**Exercise description**
Repeat exactly the lines of the records below, starting at the line containing "Types of content" and ending at the line containing "Stained glass window". Leave the pictures out.

**Data to use**
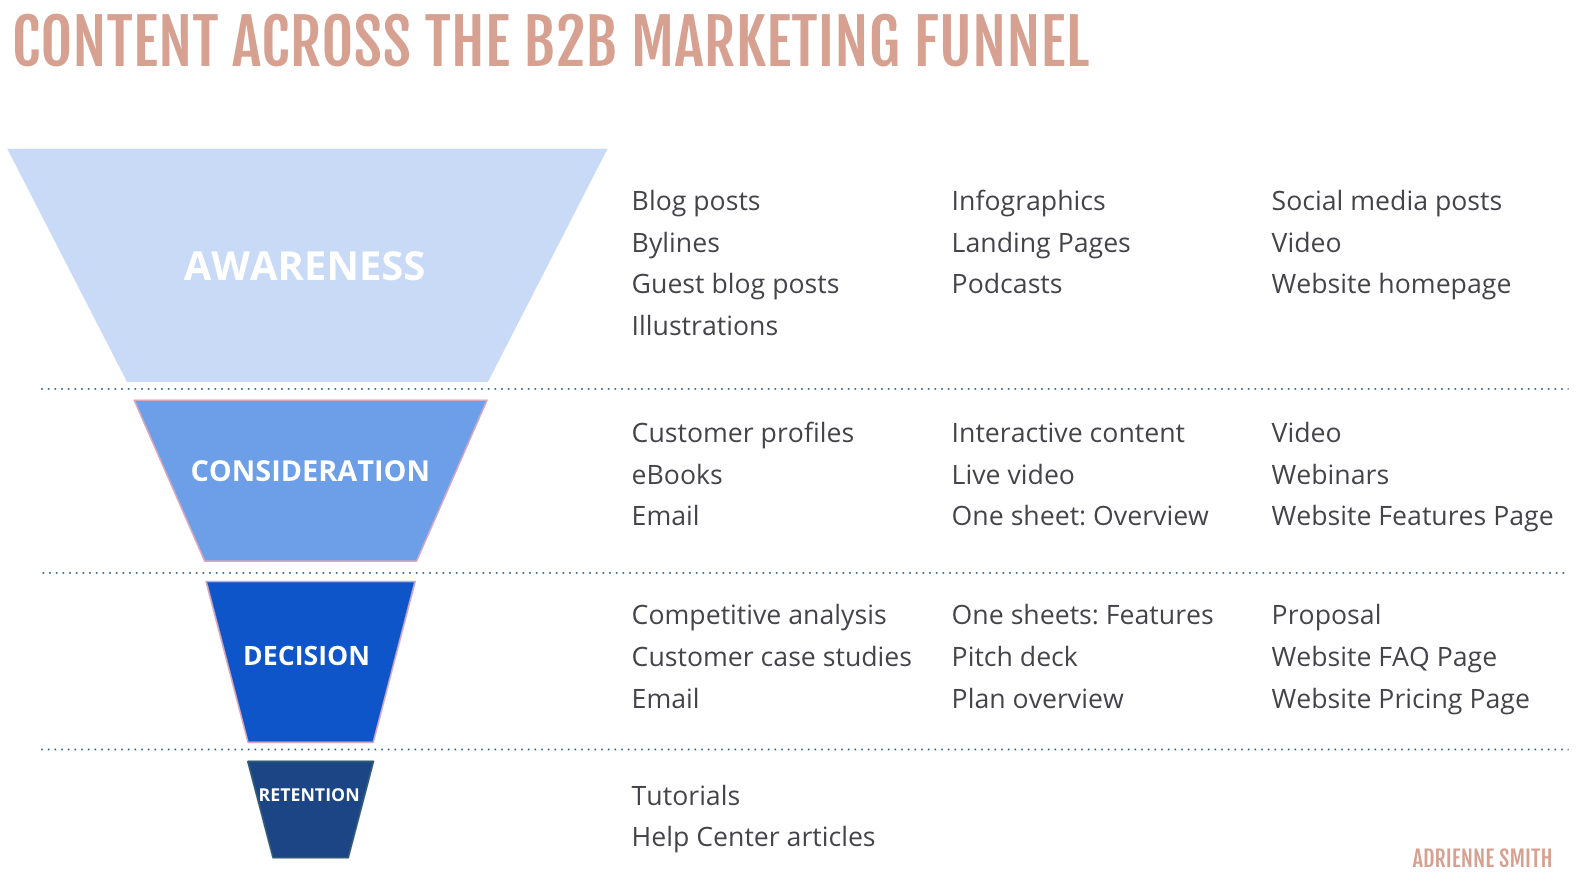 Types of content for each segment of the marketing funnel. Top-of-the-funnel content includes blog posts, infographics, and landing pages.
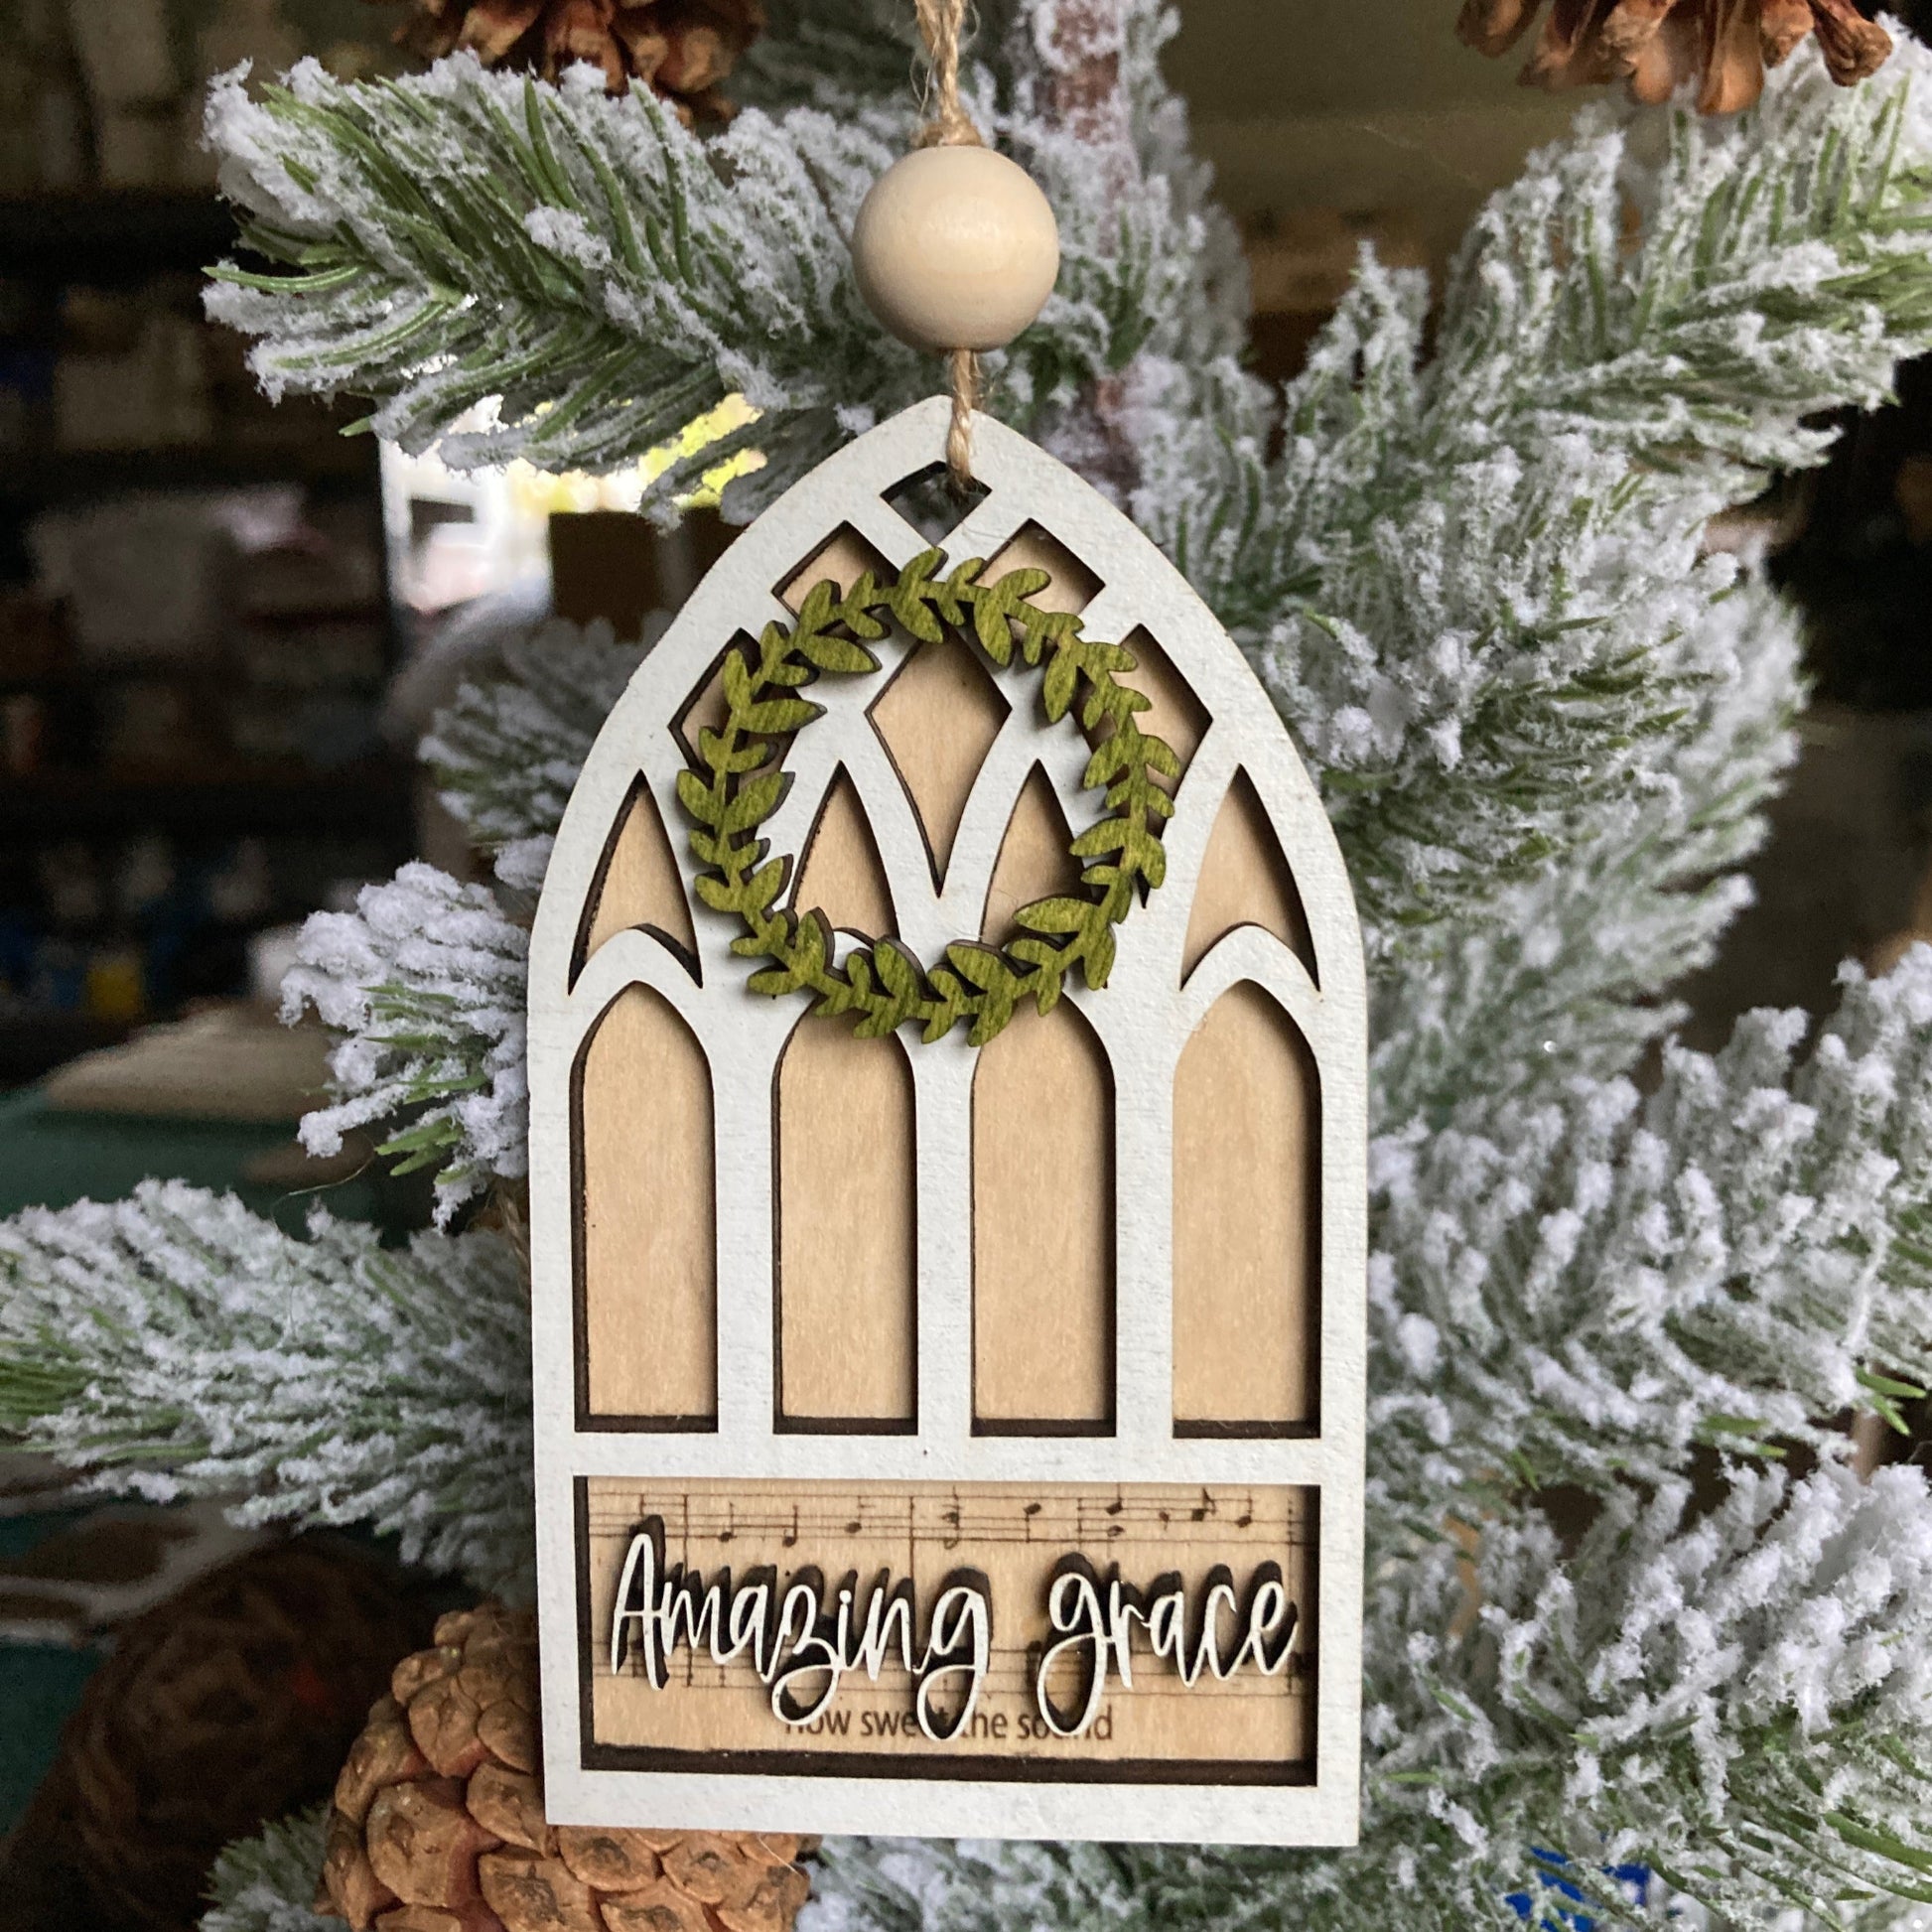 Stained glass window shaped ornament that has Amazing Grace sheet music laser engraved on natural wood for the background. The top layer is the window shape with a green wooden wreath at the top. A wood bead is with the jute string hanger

...

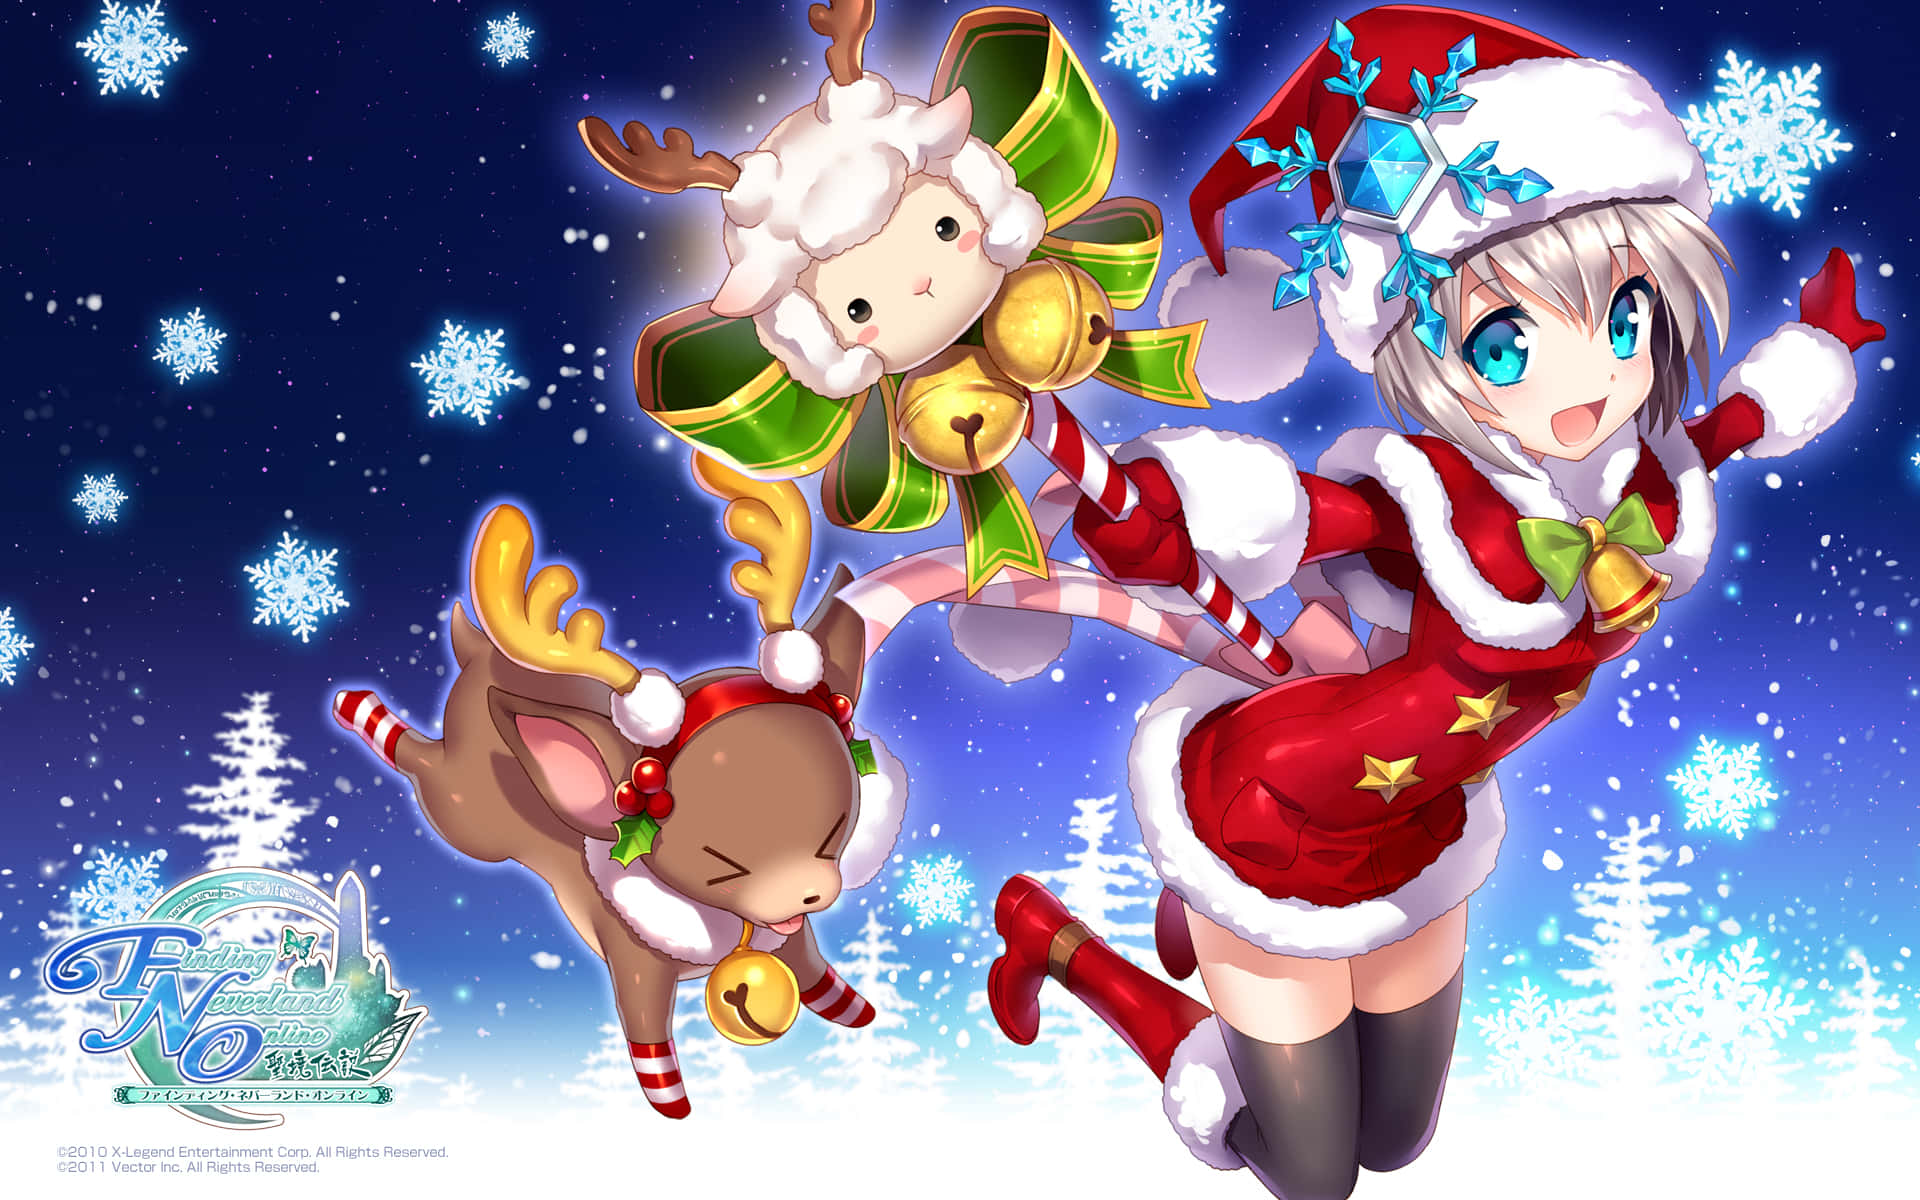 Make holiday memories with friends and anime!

**Response area**
 Types of content for each segment of the marketing funnel. Top-of-the-funnel content includes blog posts, infographics, and landing pages.
 Stained glass window shaped ornament that has Amazing Grace sheet music laser engraved on natural wood for the background. The top layer is the window shape with a green wooden wreath at the top. A wood bead is with the jute string hanger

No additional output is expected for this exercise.